Published - Mon, 10 Oct 2022
Nephrolithiasis, or kidney stones, are crystal concretions that typically develop in the kidney and are also known as renal calculi. Calculi should ideally develop in the kidneys and painlessly exit the body through the urethra. Larger stones are, however, uncomfortable and may not pass on their own, and can require surgery.
Types of Renal Calculi (Stones)
— Calcium oxalate and calcium phosphate stones account for 70% to 80% of all renal calculi.
— Struvite (magnesium–ammonium phosphate) stones account for 10% to 15% of all renal calculi.
— Uric acid stones account for 5% to 10% of all renal calculi.
— Xanthine and cystine stones make up a minor percentage of renal calculi.
1. Frequent sites of calculus obstruction
a) Ureteropelvic junction
b) Pelvic brim: The ureter crosses the iliac vessels and narrows to 4 mm in diameter at the pelvic brim.
c) Ureterovesical junction: The most common site of obstruction.
d) Renal pelvis: Struvite stones commonly form large staghorn calculi, which are too large to enter the ureter and, instead, fill the renal pelvis and form the large staghorn calculus.
2. Predisposing factors
a) Certain clinical conditions may predispose to stone formation (e.g., inflammatory bowel disease, immobilization, gout, hyperparathyroidism). Struvite stones are associated with chronic infection of the urinary tract by urea-splitting bacteria (e.g., Proteus, Pseudomonas, Klebsiella).
b) Dietary conditions: Excess dietary oxalate, vitamin C abuse, or excess dietary purine can predispose the patient to the development of renal calculi.
c) Medications
— Acetazolamide, antacids, and ascorbic acid may predispose to the development of calcium stones.
— Treatment with hydrochlorothiazide may cause the formation of uric acid stones.

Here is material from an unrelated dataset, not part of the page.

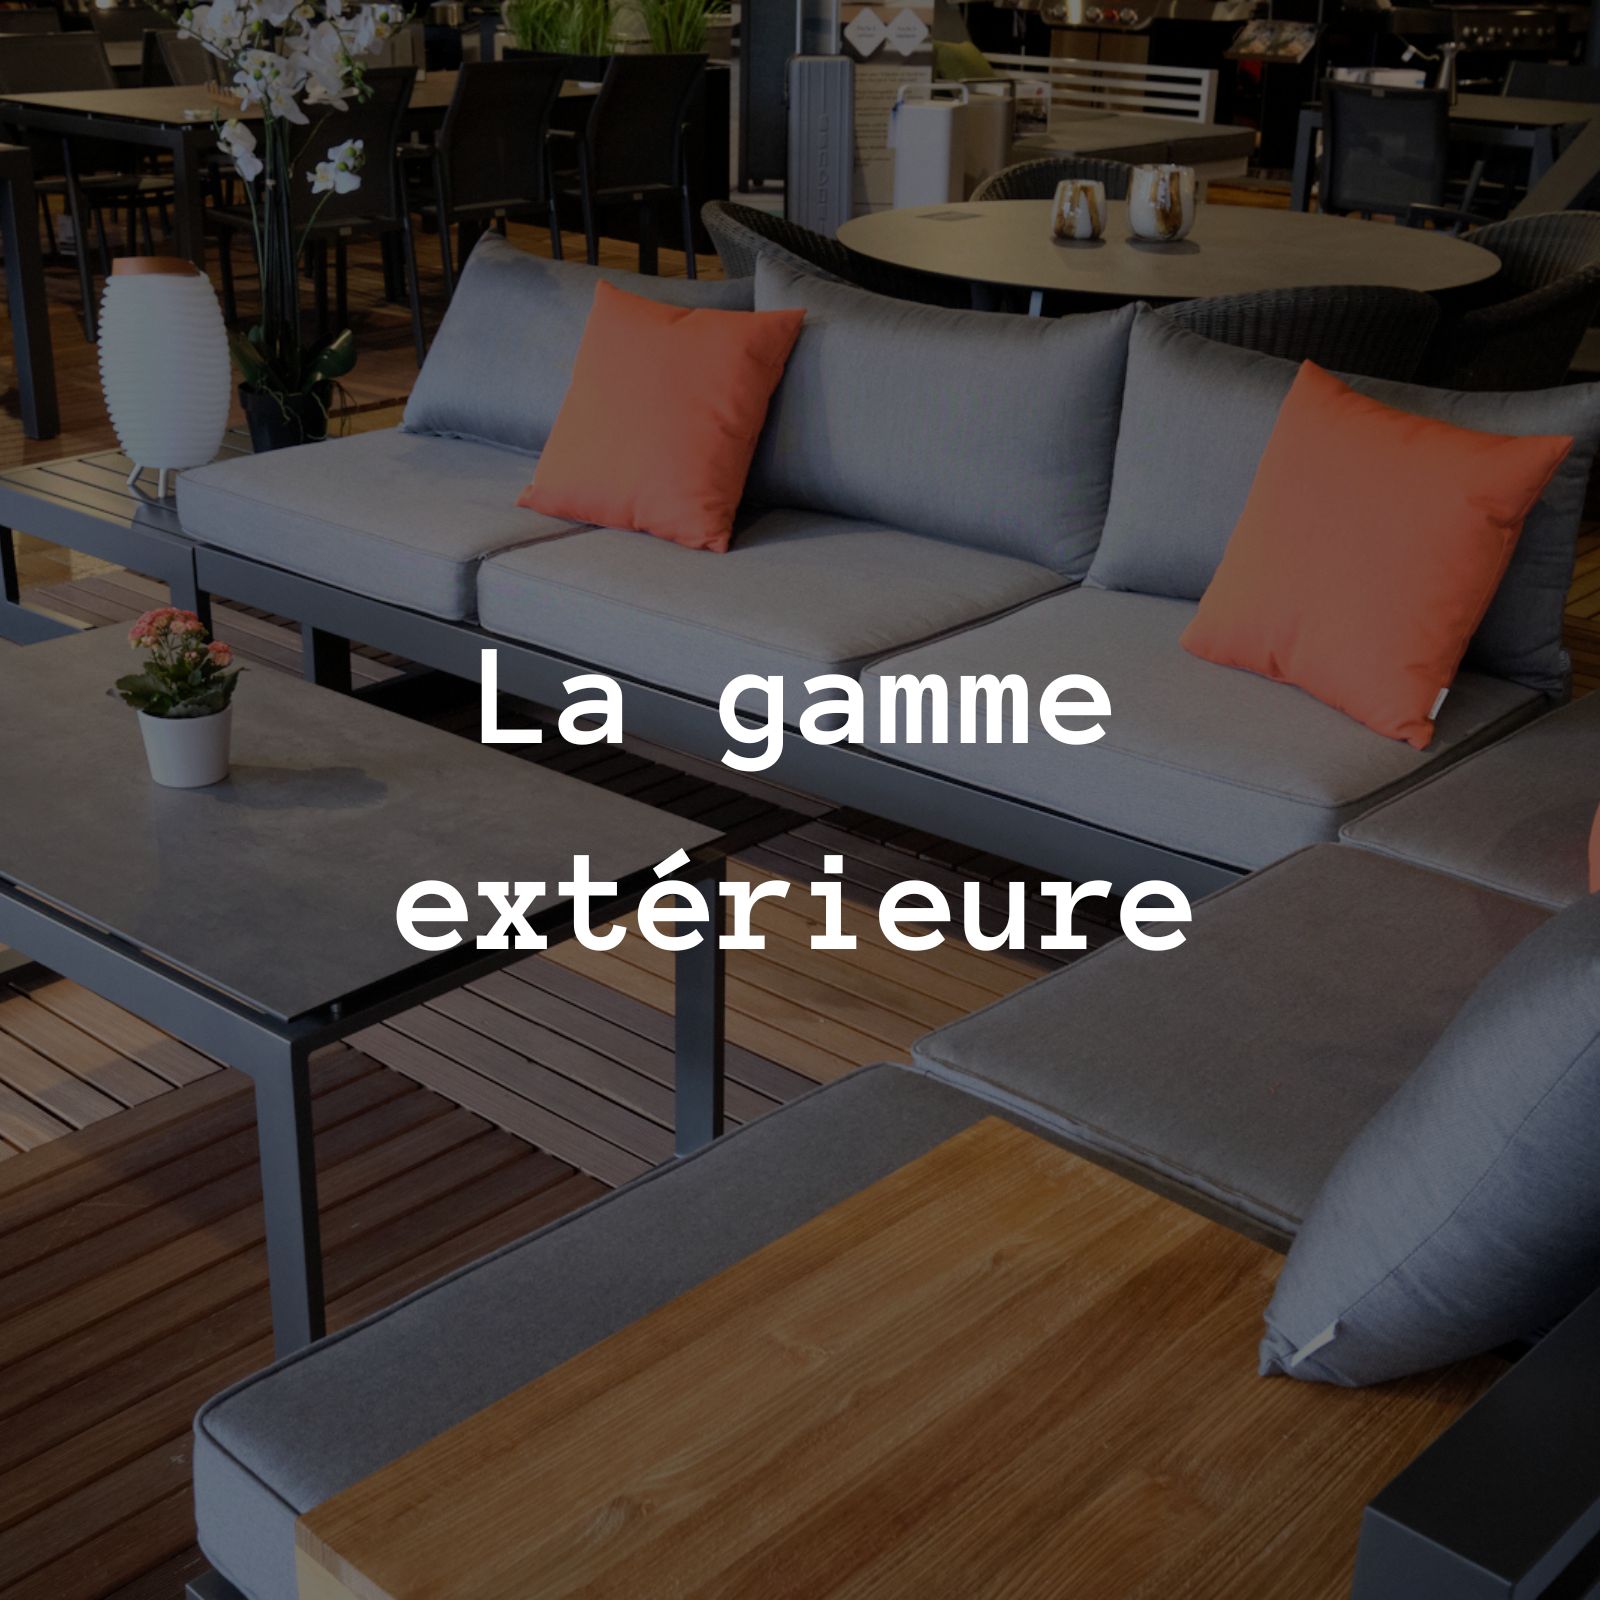 Gamme-ext_rieure
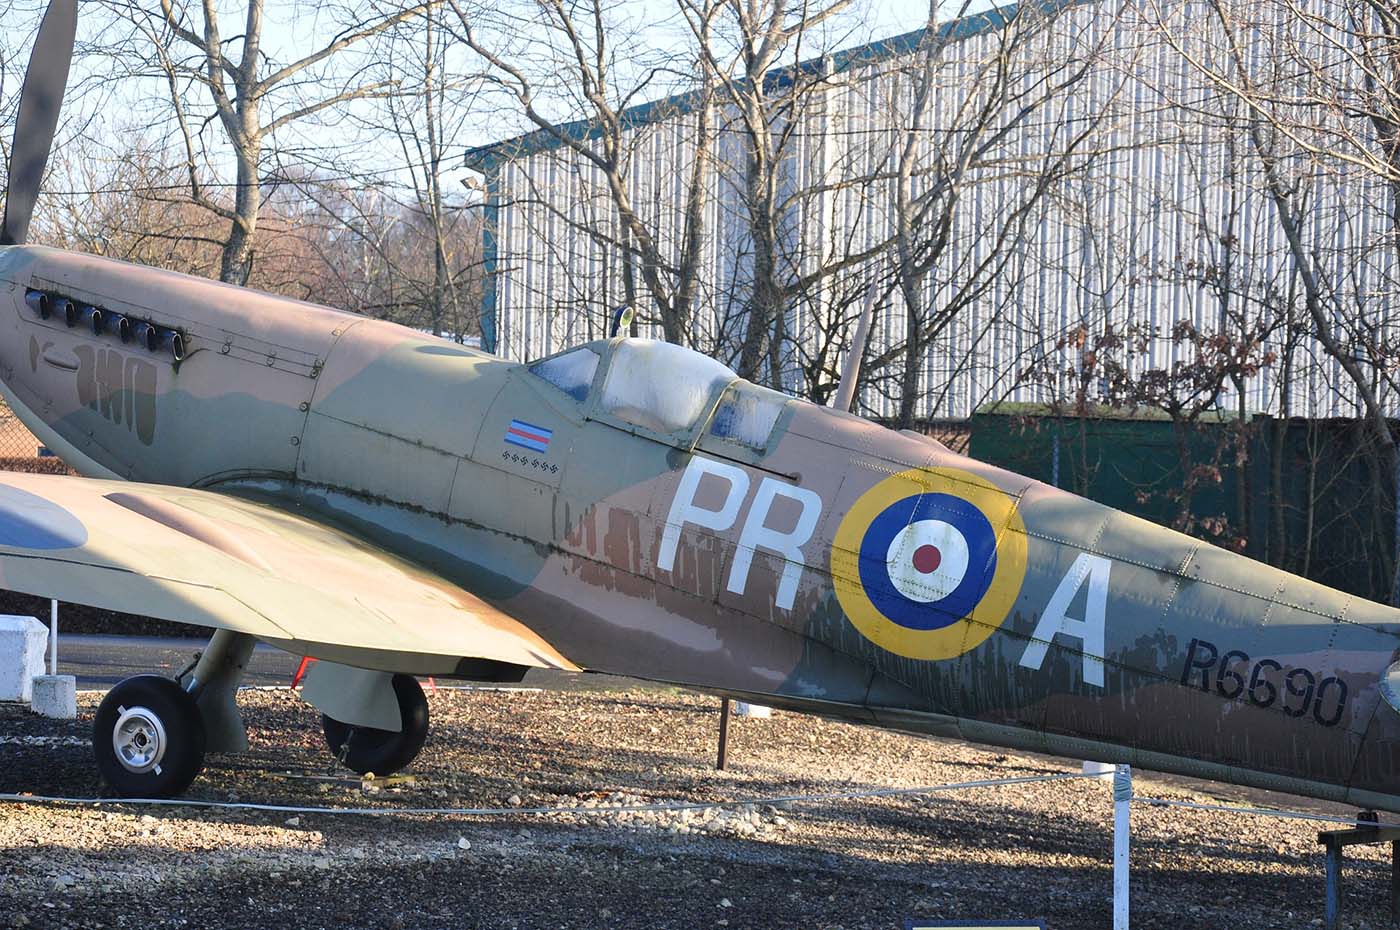 spitfire yorkshire air museum

— The development of xanthine stones has been linked to allopurinol medication.
CLINICAL FEATURES
1. Symptoms
a) Pain: The sudden onset of acute, severe, colicky pain is most commonly observed. The pain is located in the flank or abdominal area and radiates to the corresponding testicle or labia. The patient is in obvious pain and is often moving around the bed trying to find a comfortable position.
b) Common symptoms include diaphoresis, nausea, and vomiting.
2. Physical examination findings
a) In addition to discomfort, tachycardia, tachypnea, and hypertension are frequently seen.
b) Costovertebral angle tenderness and mild abdominal tenderness without peritoneal findings are often present.
c) Fever should raise suspicion of infection.
DIFFERENTIAL DIAGNOSES include appendicitis, cholecystitis, diverticulitis, salpingitis, pelvic inflammatory disease, tubal-ovarian abscess, ovarian cyst or torsion, ectopic pregnancy, abdominal aortic aneurysm, and pyelonephritis.
EVALUATION
1. Laboratory studies
a) Urinalysis: Hematuria is usually present but not always.
b) CBC: A CBC could show leukocytosis brought on by discomfort or infection.
c) Basic metabolic panel: Keeping a tight eye on creatinine.
2. Computed tomography (CT)
3. Radiographs: A kidney-ureter-bladder (KUB) X-ray can be obtained in some patients instead of CT. Much less sensitive and specific than CT, however drastically less radiation exposure to the patient. Generally should consider in patients with a known history of uncomplicated kidney stones.
4. Ultrasound: This may be useful in pregnant patients, children, or patients with a known history of uncomplicated stones. Ultrasound is becoming more of the first-line test for hydronephrosis and/or calculus due to its superior safety profile for patients.
THERAPY
1. Parenteral analgesia with narcotics and a non-steroidal anti-inflammatory drug is often required.
2. Antibiotic therapy: If an infection is present, justified.
3. Intravenous hydration with an isotonic fluid (e.g., normal saline or lactated Ringer solution) may be beneficial.
4. Ondansetron and other antiemetics are frequently required.
5. Tamsulosin and other alpha-blocking medications can speed up stone movement.
DISPOSITION
1. Admission
a) Patients with uncontrolled pain, persistent emesis, or concomitant infection should be admitted to the hospital.
b) Patients with 1 kidney only should be admitted.
c) Patients with big or near-big stones might need to be admitted to the hospital.
i) Stone size
— 90% pass if less than 4 mm
— 50% pass if 4 to 6 mm
— 10% pass if greater than 6 mm
ii) Stone location: The more proximal the stone is, the less likely it is that the stone will pass.
2. Discharge: Patients should be discharged with a prescription for an oral analgesic and instructions to strain the urine to recover passed stones for analysis. They should be advised to follow up with a urologist or primary care physician and to return to the ED if symptoms of increased pain, vomiting, or fever occur. Tamsulosin is also beneficial, according to studies when used for a brief time.